DFG also works to globally impact government policies and social norms for the benefit of menstruators and menstrual health & hygiene. Governments and coalitions they are currently working with include:
- South Africa Department of Women, Youth, and People with Disabilities
- Parliament and county governments in Kenya
- Cambodia Ministry of Education, Youth, and Sports
- African Coalition for Menstrual Health Management
- Uganda Menstrual Health Management Steering Committee
- Habitat For Humanity India
There are loads of ways you can lend your support to DFG depending on your time and resources! Donations, either one-time or monthly, are always a great way to help. You could create your own fundraiser through the DFG platform or host work meetings to raise awareness for the organisation or lend your business’ support. DFG are always welcoming volunteers to join their teams.
There is even the opportunity to visit a DFG centre on your travels. There are currently 3 impact zones – red, orange and blue – which are assigned to countries reflecting the severity of period poverty and level of support needed in those areas. These sustainable zones allow DFG volunteers to work on the ground with local leaders and communities. Several of these red and orange impact zones coincide with PureBreaks destinations, such as Kenya, Tanzania, Zimbabwe, Dominican Republic, Cambodia, Ecuador, Malawi and Zambia.

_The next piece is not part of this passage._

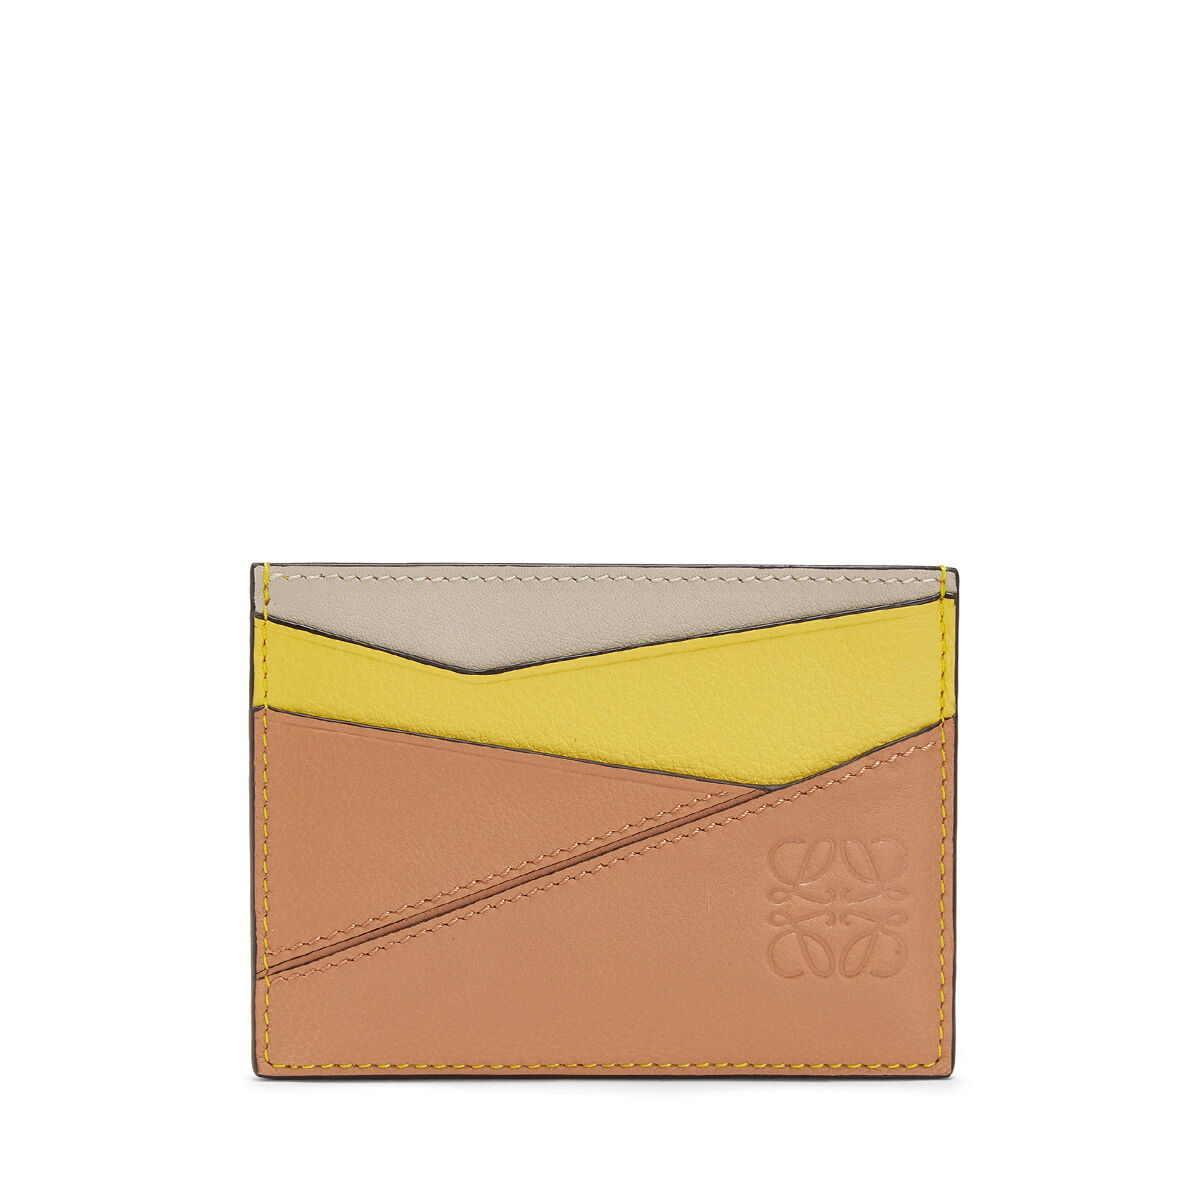 LOEWE Puzzle Plain Card Holder Yellow/Powder all

Femme International is a non-governmental organisation, founded in 2013, dedicated to ending the taboo around menstruation in East Africa and using a sustainable, community-based approach to tackle these issues. Using education, advocacy and distribution, their goal is to ensure menstruation is no longer a barrier and that all menstruators have equal opportunities. In East Africa, period poverty has a devastating effect on menstruating people. They’re forced to miss and sometimes drop out of school, miss work and lose income, and be excluded from day-to-day activities. Femme is currently working on two big projects:
The Twaweza Program
Twaweza means ‘we can’ in Swahili because Femme knows period poverty is something that we can fix. The Program runs with schools and communities in Kenya and Tanzania. Its two main components are education and distribution.
The teams lead interactive workshops to empower girls so they can feel comfortable with their bodies and not have their education disrupted, as well as to teach them about menstrual hygiene, anatomy, and menstrual management. The Program also distributes Femme Kits, which includes a reusable menstrual product, such as a washable pad or cup, a bar of soap, small towel and bowl.